# Given records:
'''

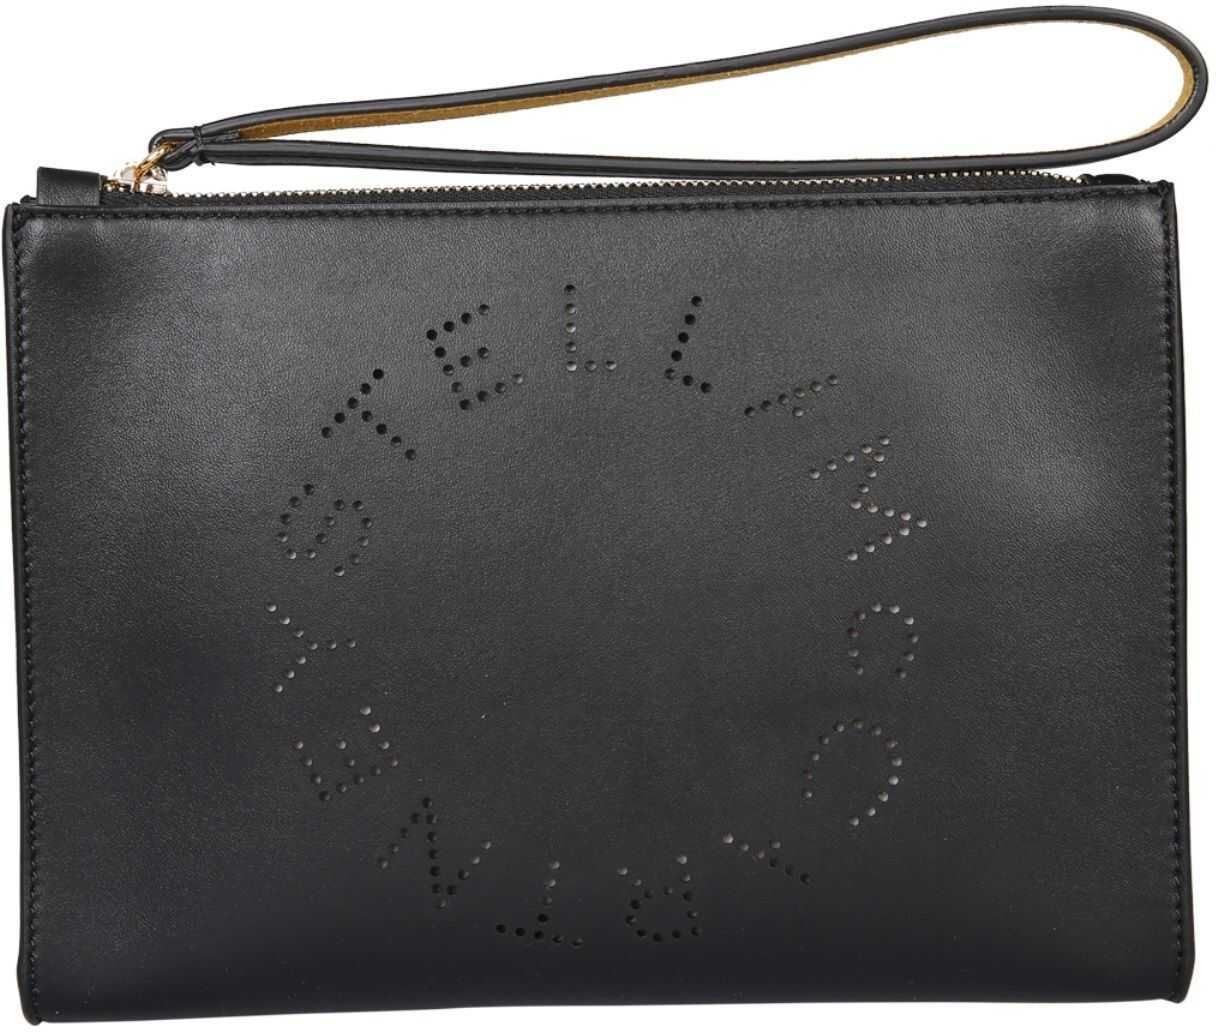 Stella McCartney Pouch With Logo 502892_W85421000 BLACK imagine b-mall.ro
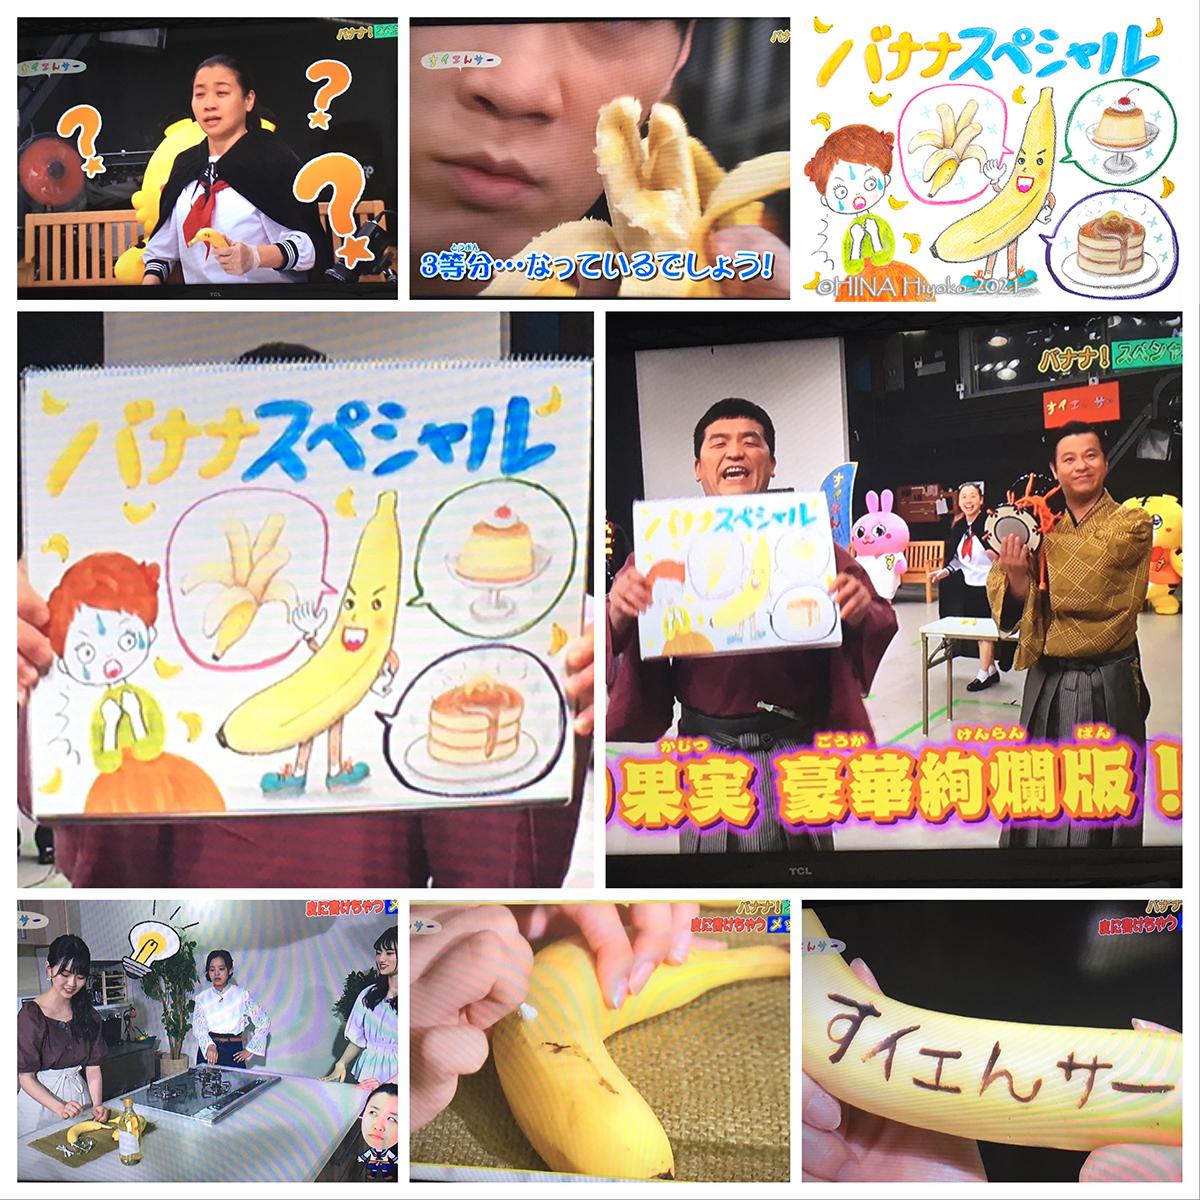 210928_banana-special_A579.jpg
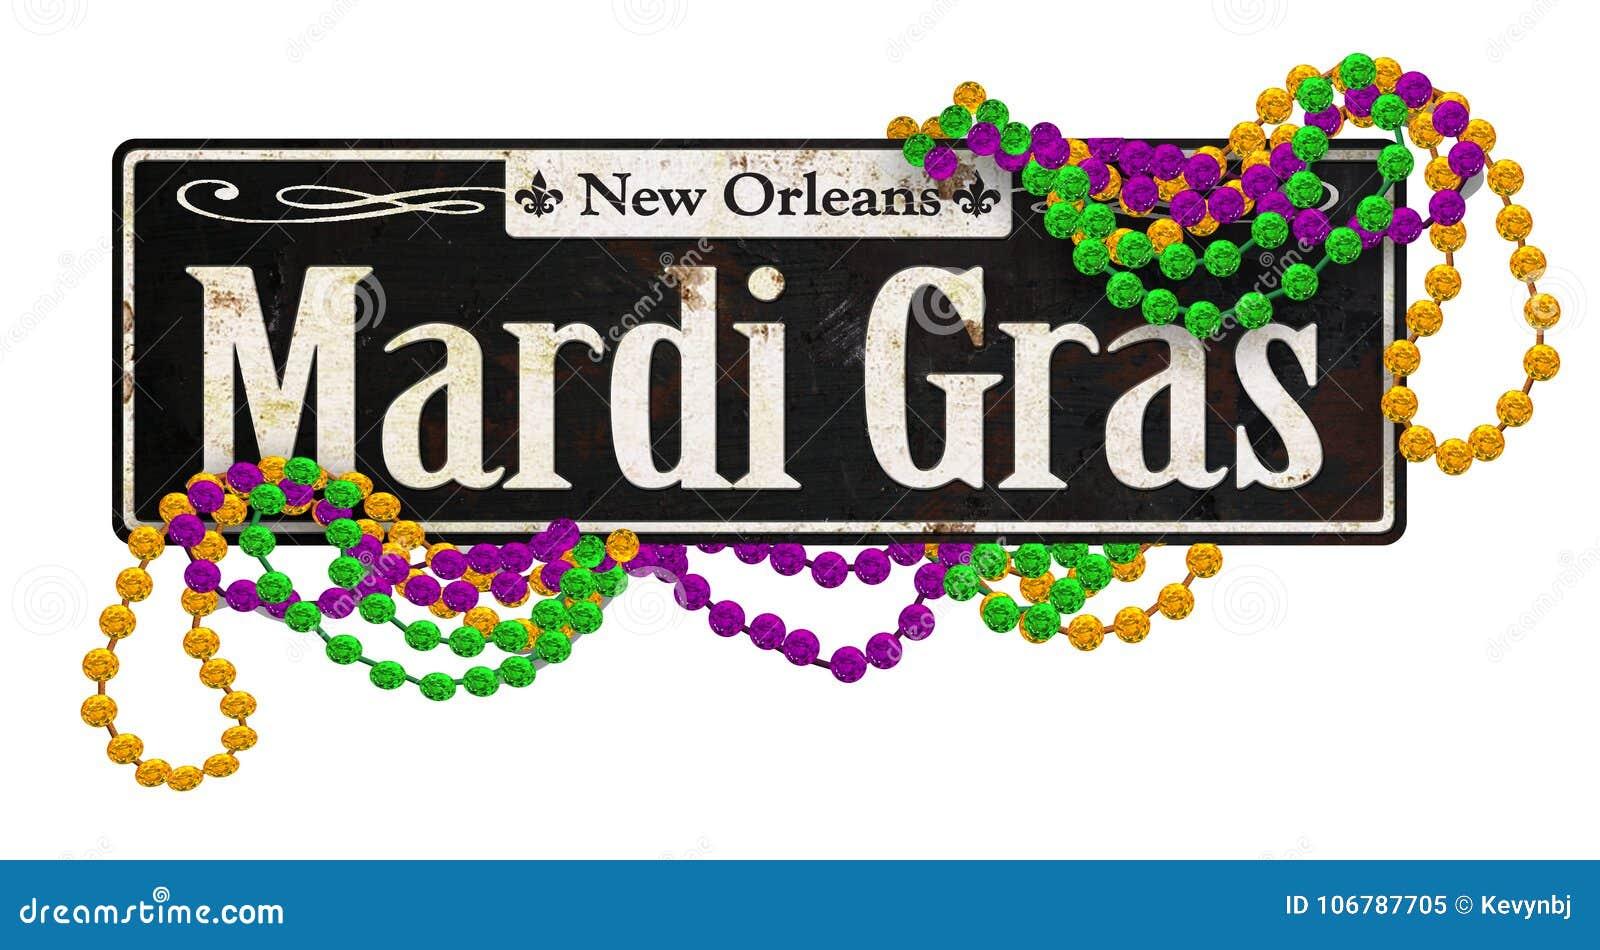 mardi gras rustic vintage street signs retro stock image image of rh dreamstime com new orleans french quarter clip art New Orleans Clip Art
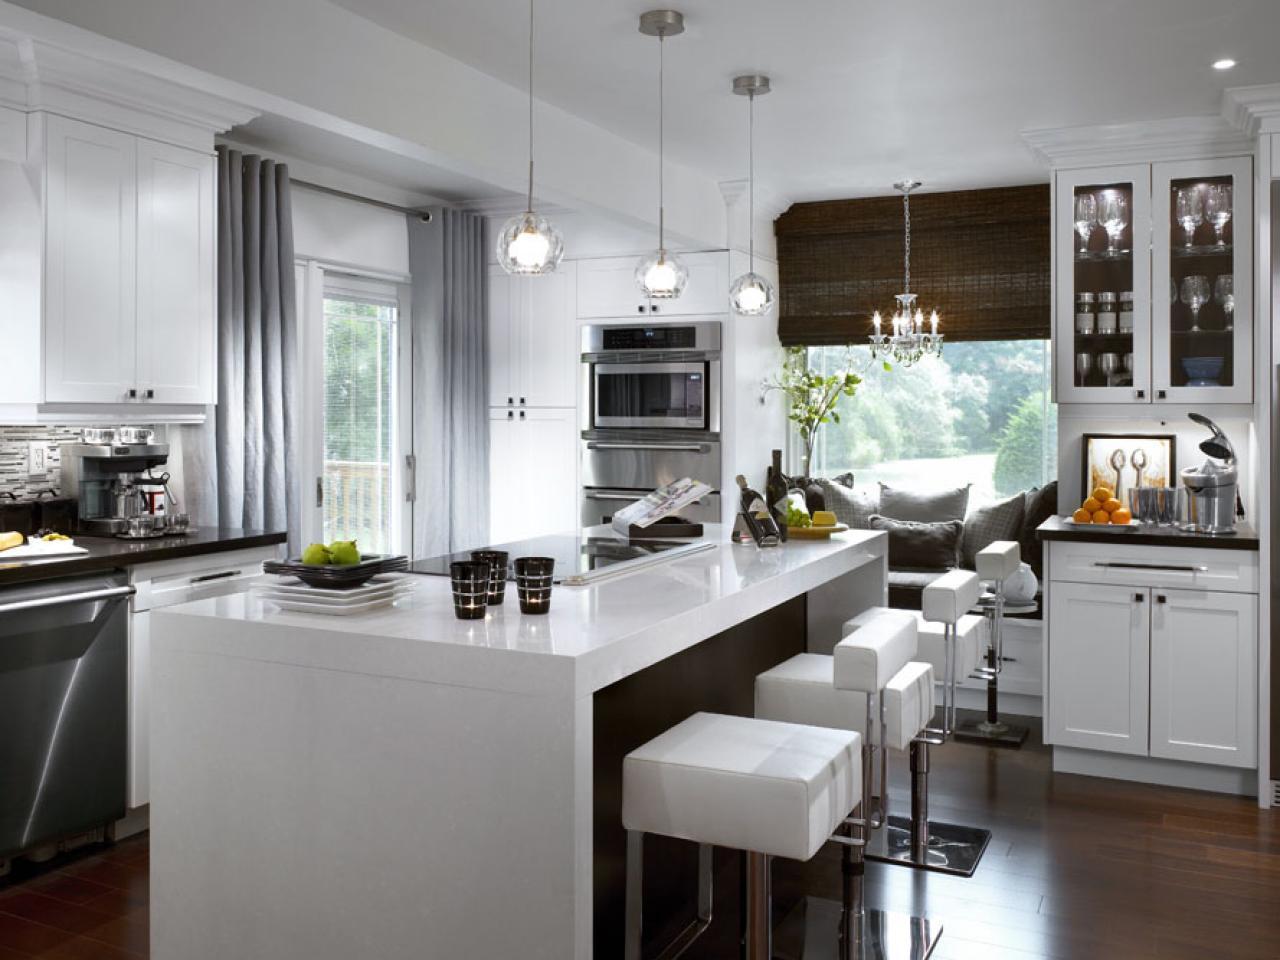 candice-olson-kitchen-design-pictures-photo-13
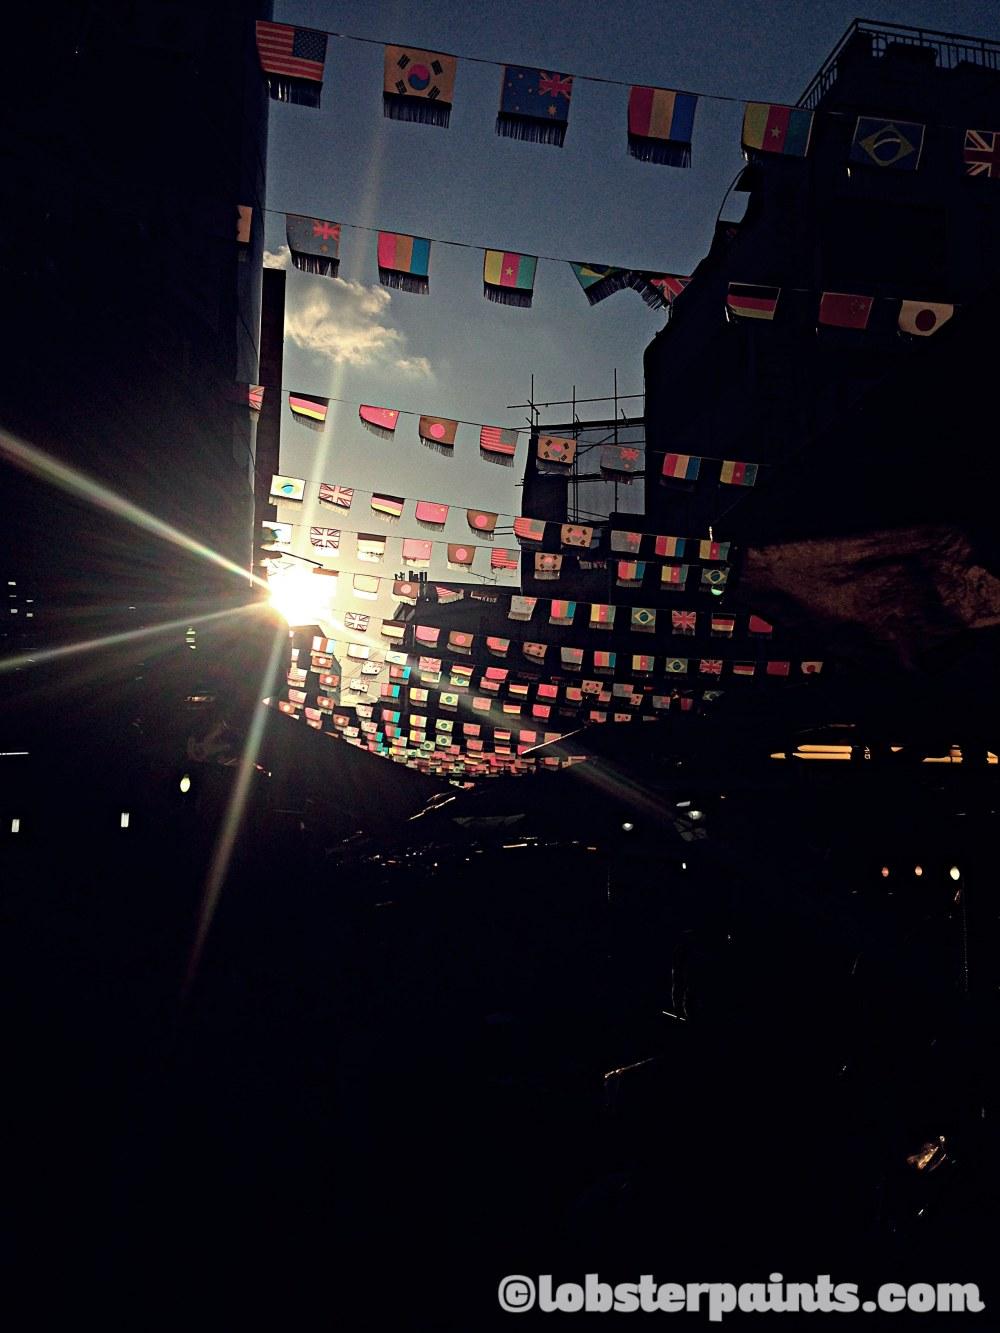 3 Oct 2014: Namdaemun Market 남대문시장 | Seoul, South Korea

'''

# Problem to work on:
Leave out the pictures, then give all the records again exactly.

# Written answer:
 Stella McCartney Pouch With Logo 502892_W85421000 BLACK imagine b-mall.ro
 210928_banana-special_A579.jpg
 mardi gras rustic vintage street signs retro stock image image of rh dreamstime com new orleans french quarter clip art New Orleans Clip Art
 candice-olson-kitchen-design-pictures-photo-13
 3 Oct 2014: Namdaemun Market 남대문시장 | Seoul, South Korea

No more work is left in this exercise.